Además se deja la puerta abierta a que, mediante norma reglamentaria, la obligación se extienda a otros colectivos de personas físicas.

Esta relación electrónica comprende tanto las notificaciones como la presentación de documentos y solicitudes a través de registro.

El incumplimiento de esta obligación puede ser constitutivo de la infracción tributaria prevista en la Ley consistente en multa pecuniaria fija de 250 euros.

Sanciones, nuevos criterios de justificación.

El Tribunal Económico Administrativo Central, en resolución reciente, para unificación de criterio, haciéndose eco de la jurisprudencia del Tribunal Supremo y del Tribunal Constitucional, sostiene que la utilización de expresiones genéricas tales como, “analizadas las circunstancias concurrentes la conducta del obligado tributario ha sido negligente sin que se aprecie ninguna causa de exoneración de la responsabilidad” utilizadas por la A.E.A.T. como motivación en sus expedientes sancionadores, no supone motivar suficientemente el elemento subjetivo de la culpabilidad; bien al contrario, resulta una fórmula generalizada y estereotipada que no es motivación suficiente para apreciar la culpabilidad del presunto infractor y en consecuencia aplicar una sanción.

En cualquier caso, el elemento subjetivo de la culpabilidad ha de hacerse patente en el procedimiento sancionador mediante su motivación. Hasta tal punto es exigente el Tribunal que, la falta de motivación no es subsanable, quedándole vedada a la Administración el inicio de un nuevo procedimiento sancionador.

Esta interpretación abre la puerta a la viabilidad de un número importante de recursos contra los expedientes sancionadores, que hasta ahora, eran de difícil sustentación, mejorando considerablemente esta postura y por tanto las posibilidades de éxito.

El cese de actividad de perceptores de pago único.

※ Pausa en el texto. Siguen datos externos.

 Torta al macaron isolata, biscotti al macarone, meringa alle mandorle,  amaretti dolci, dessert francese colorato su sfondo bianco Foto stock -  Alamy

En los últimos años, y como consecuencia de la coyuntura económica, la percepción del desempleo mediante la denominada modalidad de “Pago único”, se convirtió en una opción muy habitual entre quienes tras haber perdido su empleo, decidían aventurarse por su cuenta en el desarrollo de una nueva actividad.

Pasados los años, muchos de estos emprendedores, cesaron en el ejercicio de su actividad por diferentes motivos que no vienen al caso y que son irrelevantes, sin embargo lo que no es irrelevante es el hecho de que fiscalmente el cese de la actividad, antes de los 5 años, convierte a los importes percibidos como pago único, que inicialmente estaban exentos, en importes no exentos, ya que la exención fiscal de estos importes recibidos, se ligaba, aun no sabiéndolo el solicitante, a la permanencia en el ejercicio de su actividad durante este periodo de 5 años.

La consecuencia de estos ceses, es el gran número de liquidaciones que esta practicando la Agencia tributaria en muchos de estos casos, cabe recordar que el incumplimiento de la obligación de ejercer la actividad es extremadamente sencillo de controlar por parte de Hacienda, y la liquidación a practicar también.